A 2016 study "discovered" millions of missing girls lost to China's one-child policy, and the results also shine a light on China's propensity to favor sons over daughters.
A frowning baby of Asian descent wearing white clothing
Photo by Xunbin Pan via Stocksy

Over the last few years, China's problem of gender imbalance has been widely reported by media outlets. Experts determined that anywhere from 30 to 60 million girls were missing from the population, thanks to the country's one-child policy originally introduced in 1979. According to their 2010 census, there were 118 males for every 100 females born in China, whereas the global average is 105 females. To the horror of economists and sociologists, two important questions arose as a result: What happened to those "missing girls?" And what will happen to the world's most populous country with such a skewed sex ratio at birth?


A study published in China Quarterly, though, suggests those numbers are probably exaggerated. "People think 30 million girls are missing from the population. That's the population of California, and they think they're just gone," said John Kennedy, associate professor of political science at University of Kansas and one of the study's authors, in a press release.

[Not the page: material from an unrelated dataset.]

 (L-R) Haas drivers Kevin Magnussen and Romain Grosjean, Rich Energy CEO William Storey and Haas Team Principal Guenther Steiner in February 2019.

Read more: Inside China's Last Matriarchy

Kennedy and his colleague Shi Yaojiang of Shaanxi Normal University first became interested in investigating China's "missing girls" and its high sex ratio at birth (SRB) when they met a farmer in northern Shaanxi province in the 90s. They noticed he introduced a young son and oldest daughter by name, "but he presented the middle daughter as the 'non-existent one' with a smile and a wink." (By this time, the government had changed its one-child policy to allow families to have a second child if the first was a girl.) It turned out that the oldest and youngest were registered with the government; the middle child was not. Because of this, they wondered if more people had simply chosen not to report their children.

In order to find out if that was the case, researchers analyzed data from the China Statistical Year Books and the last four official national censuses: 1982, 1990, 2000, and 2010. To determine the actual number of missing females, they used the backward projection method; they compared the number of children born in 1990 with the data of 20-year-olds in the 2010 census.

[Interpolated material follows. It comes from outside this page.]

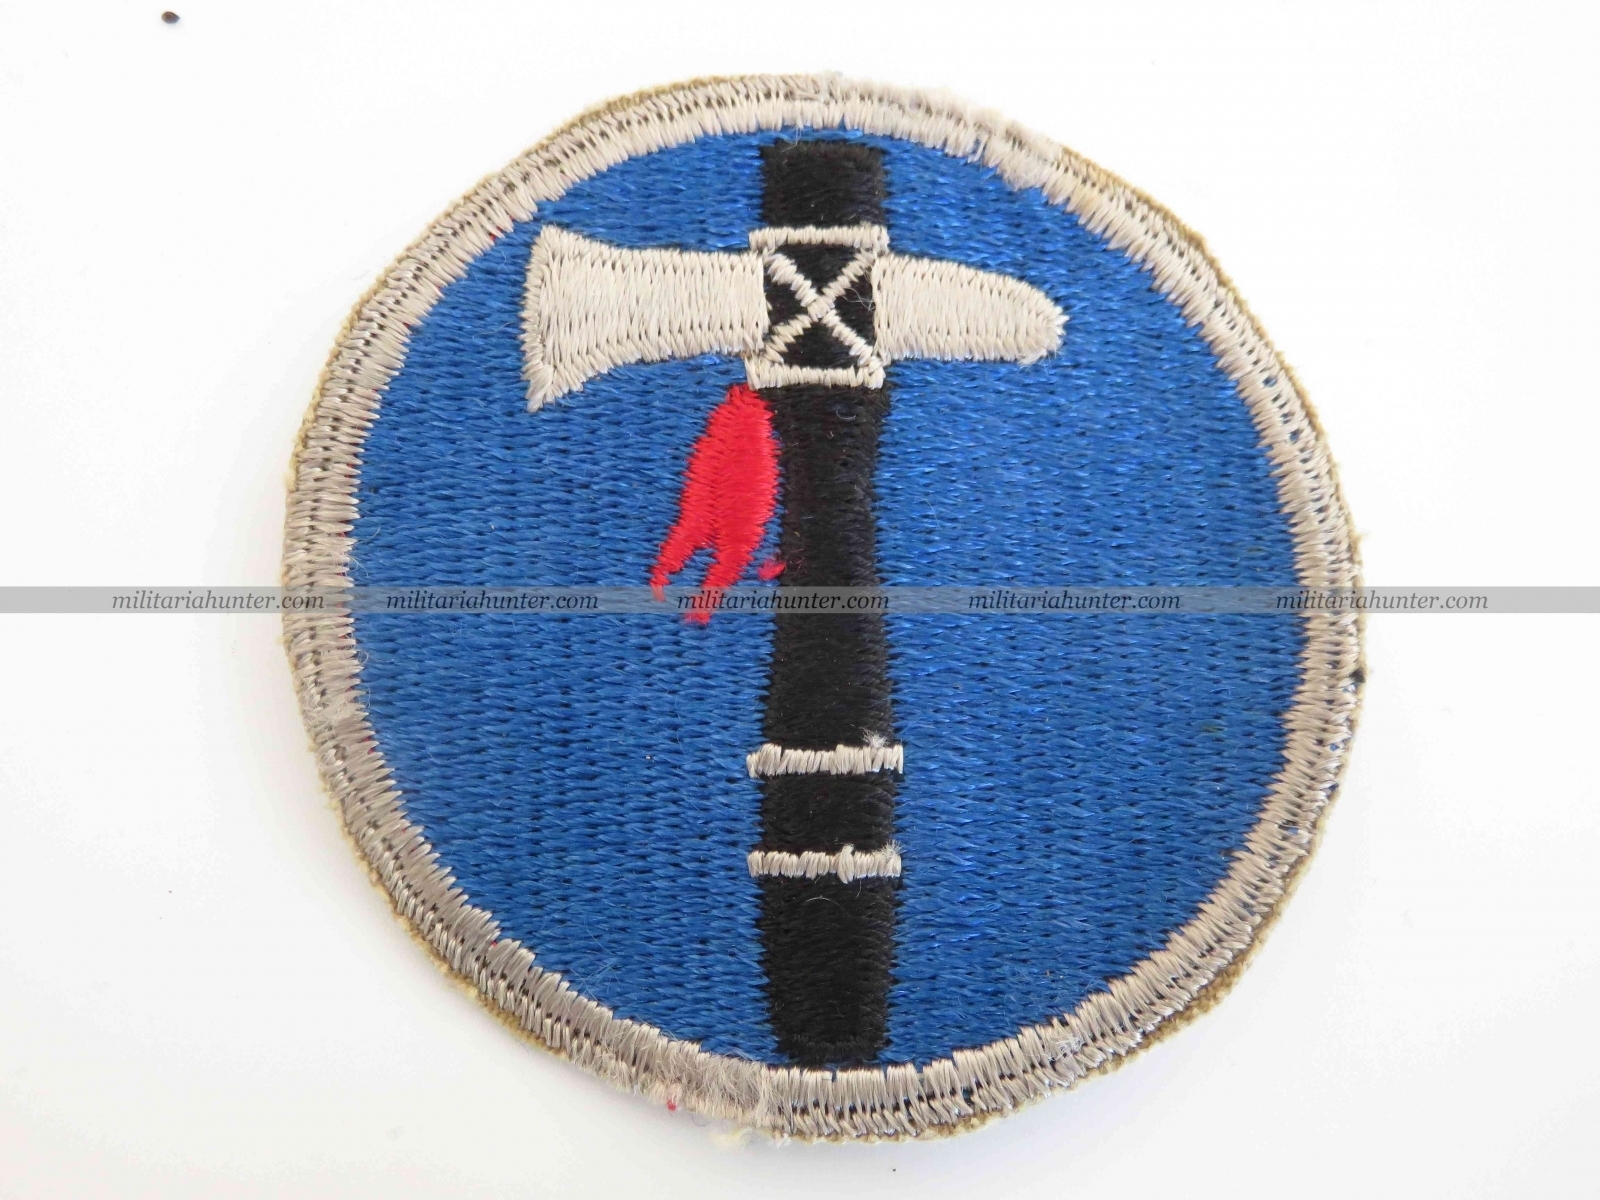 militaria : ON HOLD / Reserve US Army WW2 XIX Corps patch

"The data show that our initial observations of unregistered girls in 1996 and after 2000 were not unusual cases but rather they pointed to a more widespread phenomenon of underreporting female (and male) births across rural China," the study concludes. "The census data show a dramatic increase in reported females after the age of ten, and in particular after the age of 15. This suggests a large number of young women are not being officially registered until their teens."

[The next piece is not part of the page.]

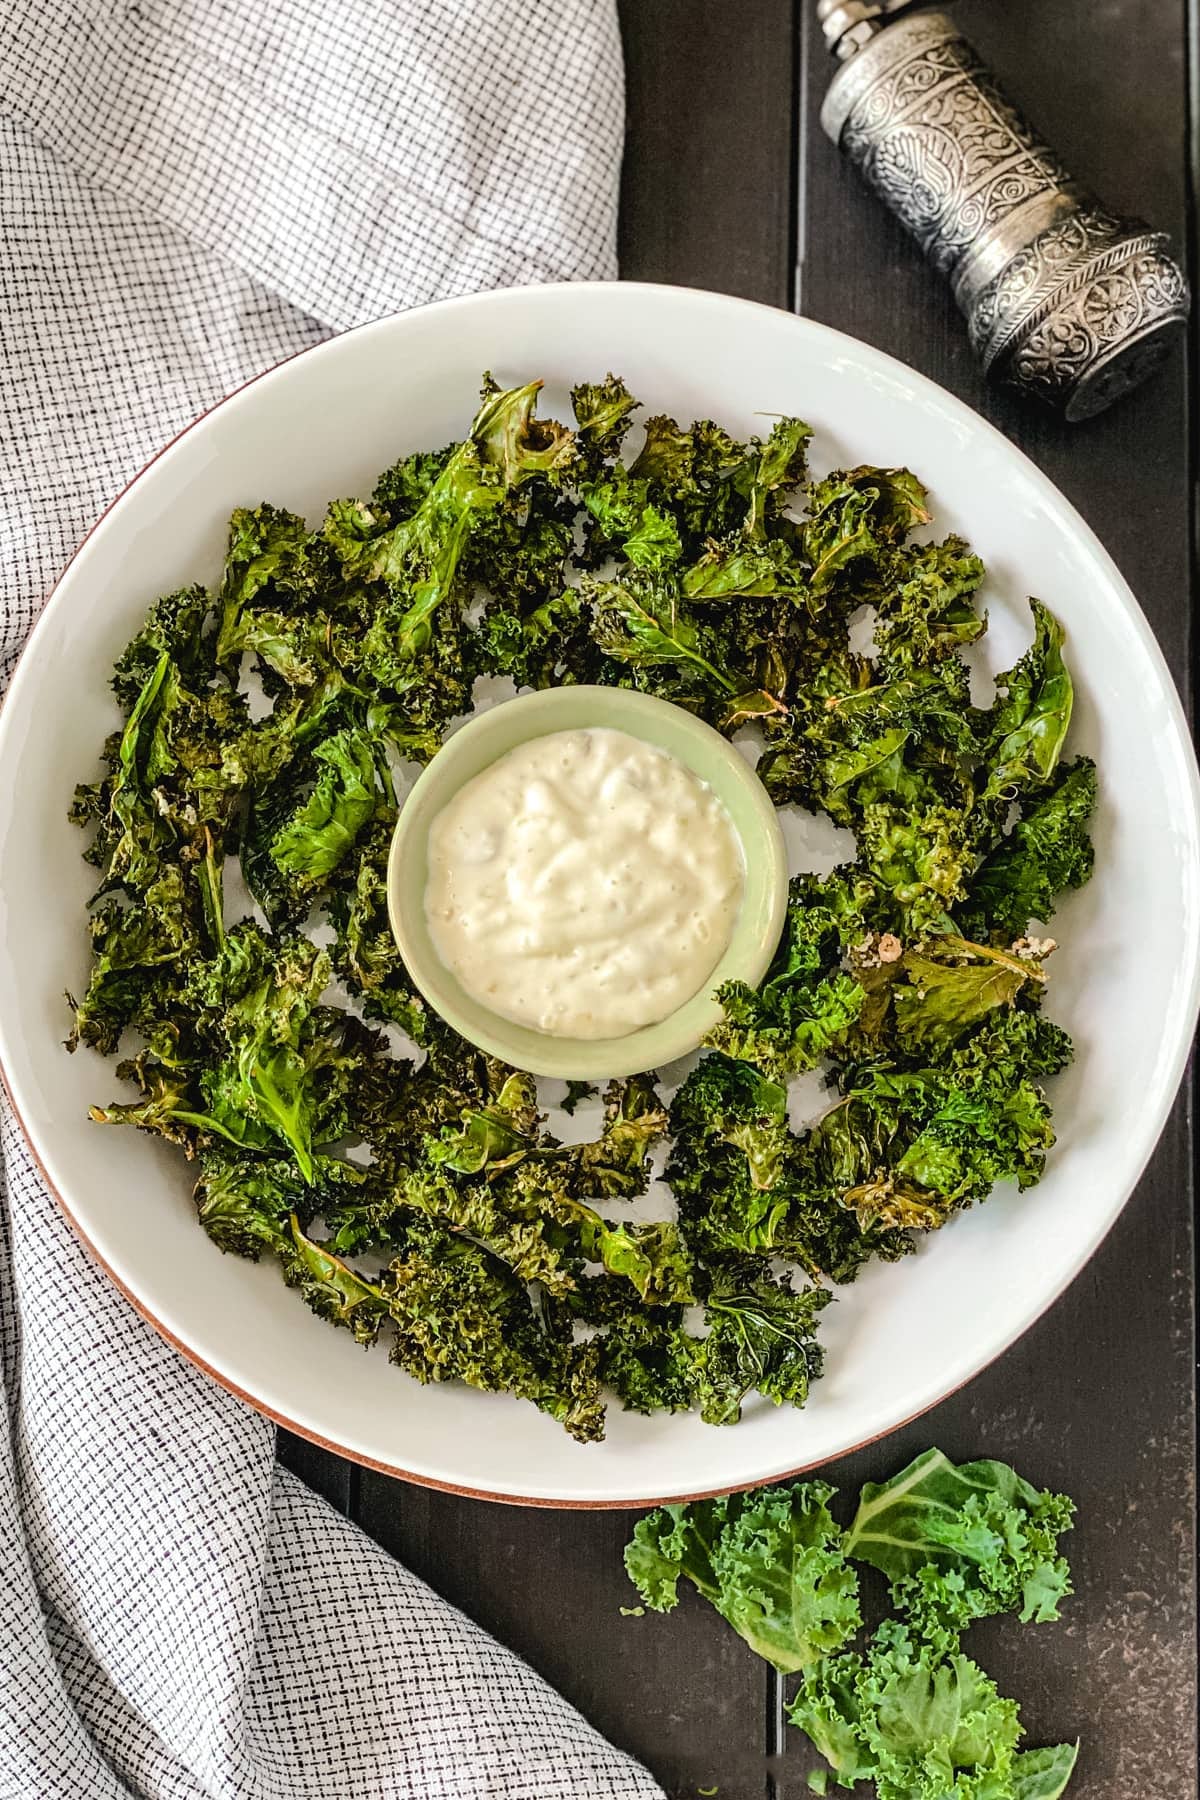 Spicy air fryer kale chips

Between 1990 and 2010, researchers estimate there were roughly 15 million missing girls, which includes female death rates and international adoptions. They discovered approximately 11 million had simply gone unreported; that means another four million or so were probably lost to female infanticide (7 percent) and sex-selective abortion (20 percent).

One of the reasons so many girls were able to go unreported, or were reported later in life, researchers argued, is because local government officials lacked the capacity or willingness to enforce family planning policies.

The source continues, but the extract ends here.